- - Saturday, December 18, 2021

A couple of weeks ago, in this column, I wrote that it’s that time of year, that “most wonderful time of year,” when our country’s thought police come out of the woodwork to tell us what we can and cannot say. I wrote of stories too numerous to count where our culture’s minions of mind control stand barricaded behind their cash registers at Target and Starbucks, telling us what greetings we can and cannot use. I wrote of doublespeak and hypocrisy. I wrote of intolerance while claiming to be tolerant. I wrote of Orwell’s obedient lemmings waving their Christmas banners of inclusion while shamelessly excluding anyone who dares to say, “Merry Christmas.”

This duplicitous lunacy is not new. In fact, it has been with us for years. Consider the case of American Airlines Flight 1140.  

On Dec. 23, 2015, a passenger was tossed off a plane at New York’s La Guardia Airport because of his reaction to an airline worker who wished him, shame for shame, a “Merry Christmas.”

As the story goes, this traveler was waiting to board the plane when the gate agent welcomed everyone with the traditional season’s greeting. The offended passenger responded by shouting, “You shouldn’t say that. Not everyone celebrates Christmas.” 

Well, once seated inside, our Mr. Scrooge was greeted by another American Airlines employee who was apparently oblivious to the earlier exchange. This time, it was a flight attendant who made the same unforgivable error of wishing Ebenezer a “Merry Christmas.”



And that was the last straw. “Don’t say Merry Christmas,” raged Jack Frost before launching into a tirade whereby he presumed to lecture the attendants, the pilot and all others within earshot about their festive faux pas. 

Refusing to calm down, he continued his tirade. The end result was that he was escorted off the plane as his audience of fellow passengers burst into cheers and applause at his departure. 

While this story may seem humorous because of its absurdity, we need to think about its serious side for a moment. 

Consider, for example, the man’s premise that Christmas, i.e., the historicity of the birth of Christianity, is an offense and that this malcontent, and presumably millions of others like him, would be better off without it. 
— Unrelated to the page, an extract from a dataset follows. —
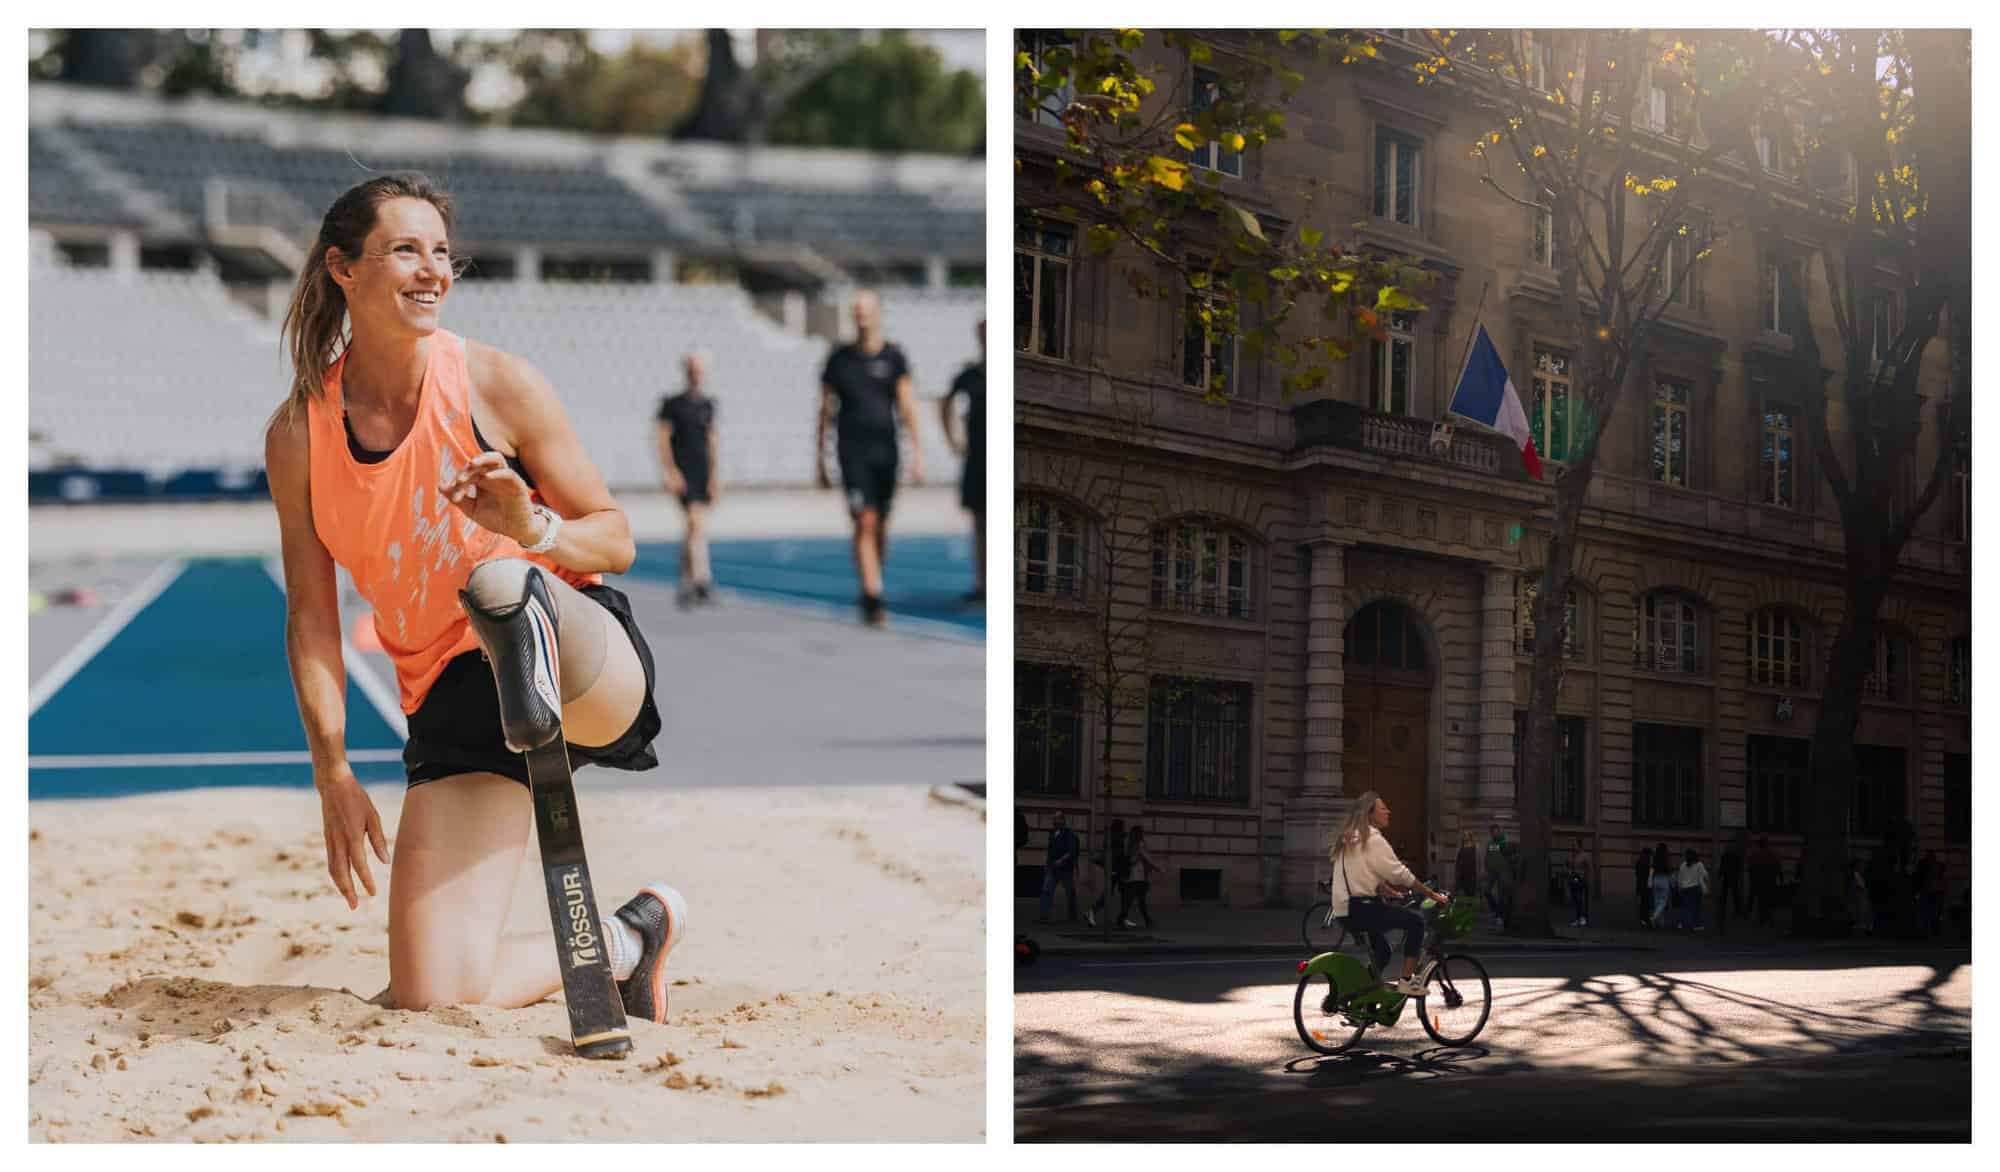 Left: A female athlete with an artificial left leg smiles in her orange shirt. Right: A woman in white shirt and black pants rides a green bicycle in Paris.

Our first reaction to this claim should be to ask a basic question. What would the world look like today if it weren’t for Christmas? In other words, what would life be like if our grumpy traveler had his way and the “ideas and acts [of Christmas had not been] hurled across the centuries and around the world” (Thomas Cahill); some 2000 years ago? 
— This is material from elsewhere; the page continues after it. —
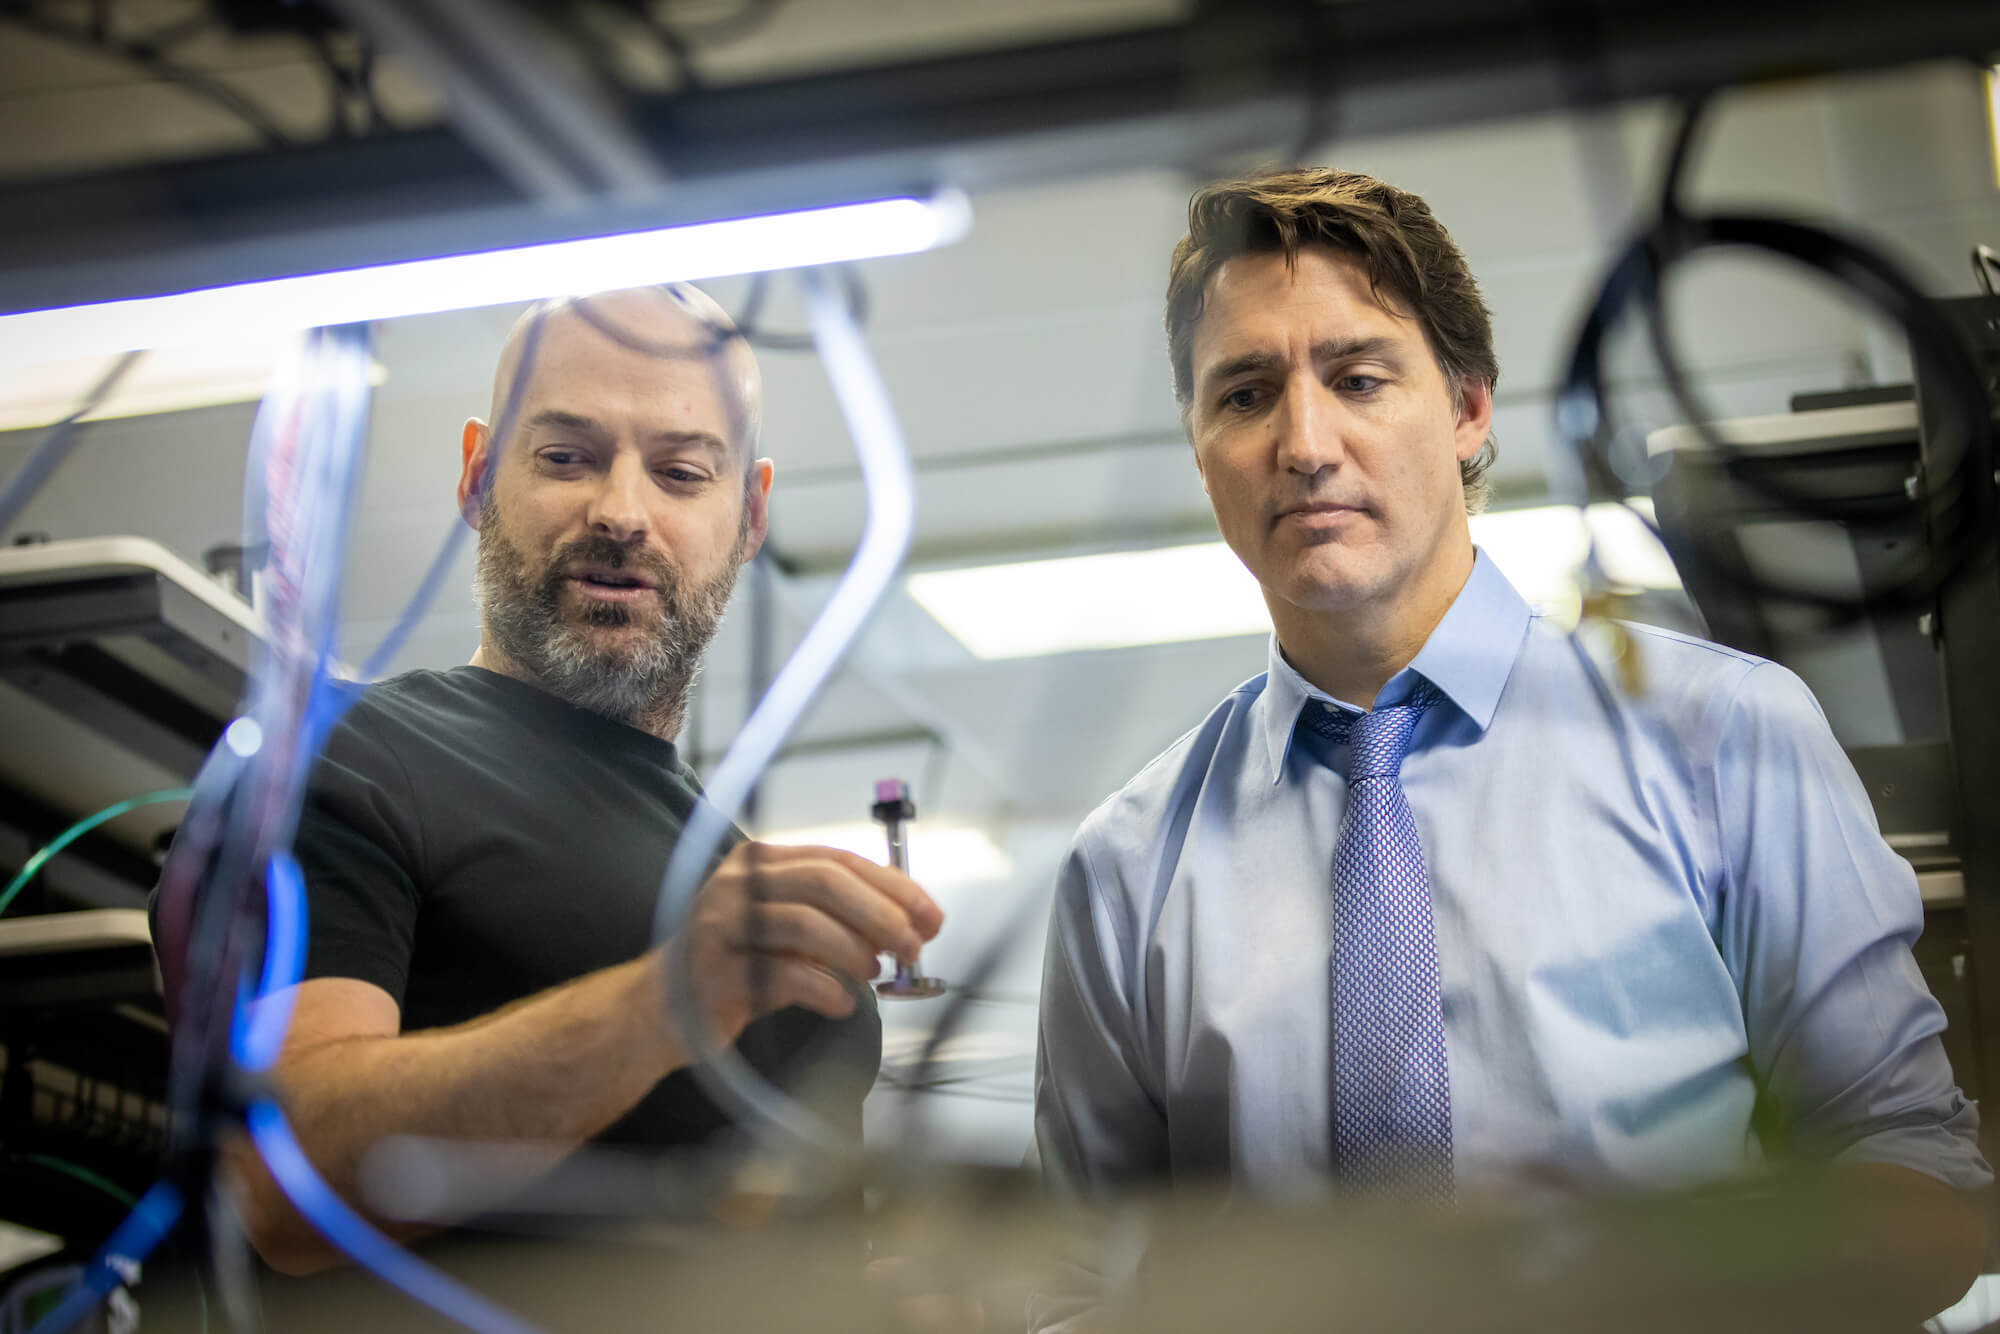 Christian Weedbrook, CEO & Founder, Xanadu with Justin Trudeau, Prime Minister of Canada

Whether you’re a believer in the theology of Christmas or simply an open-minded historian, you have to confess to the impact of the holiday’s sociology and cosmology on western civilization. The fact of the matter is that the story of the birth of Christ has dramatically changed humanity’s understanding of life and the way we live it. From Saul of Tarsus to Emperor Constantine, to Wesley, Wilberforce and Whitfield; to Chesterton and Lewis, millions of lives have been turned from deception and debauchery to compassion and love because of Christmas

History tells us that the Greek and Roman cultures stopped the practice of “exposure,” otherwise known as infanticide, because of Christmas. The Celtics, Prussians, Aztecs and Mayans abandoned human sacrifice because of Christmas. Sexual fidelity and respect for marriage were normalized in the Roman Empire and throughout the West because of Christmas. Women were no longer considered mere property and chattel because of Christmas. Compassion for the sick and the dying during the great plagues of Europe took place because of Christmas. Charity for the poor and the elderly became expected during the Industrial Revolution because of Christmas. Hospitals, orphanages, child labor laws, education, economic freedom, the dignity of labor, civil rights, private property and racial equality all were established and promoted because of Christmas. Slavery was abolished, and the sanctity of all human life was celebrated because of Christmas.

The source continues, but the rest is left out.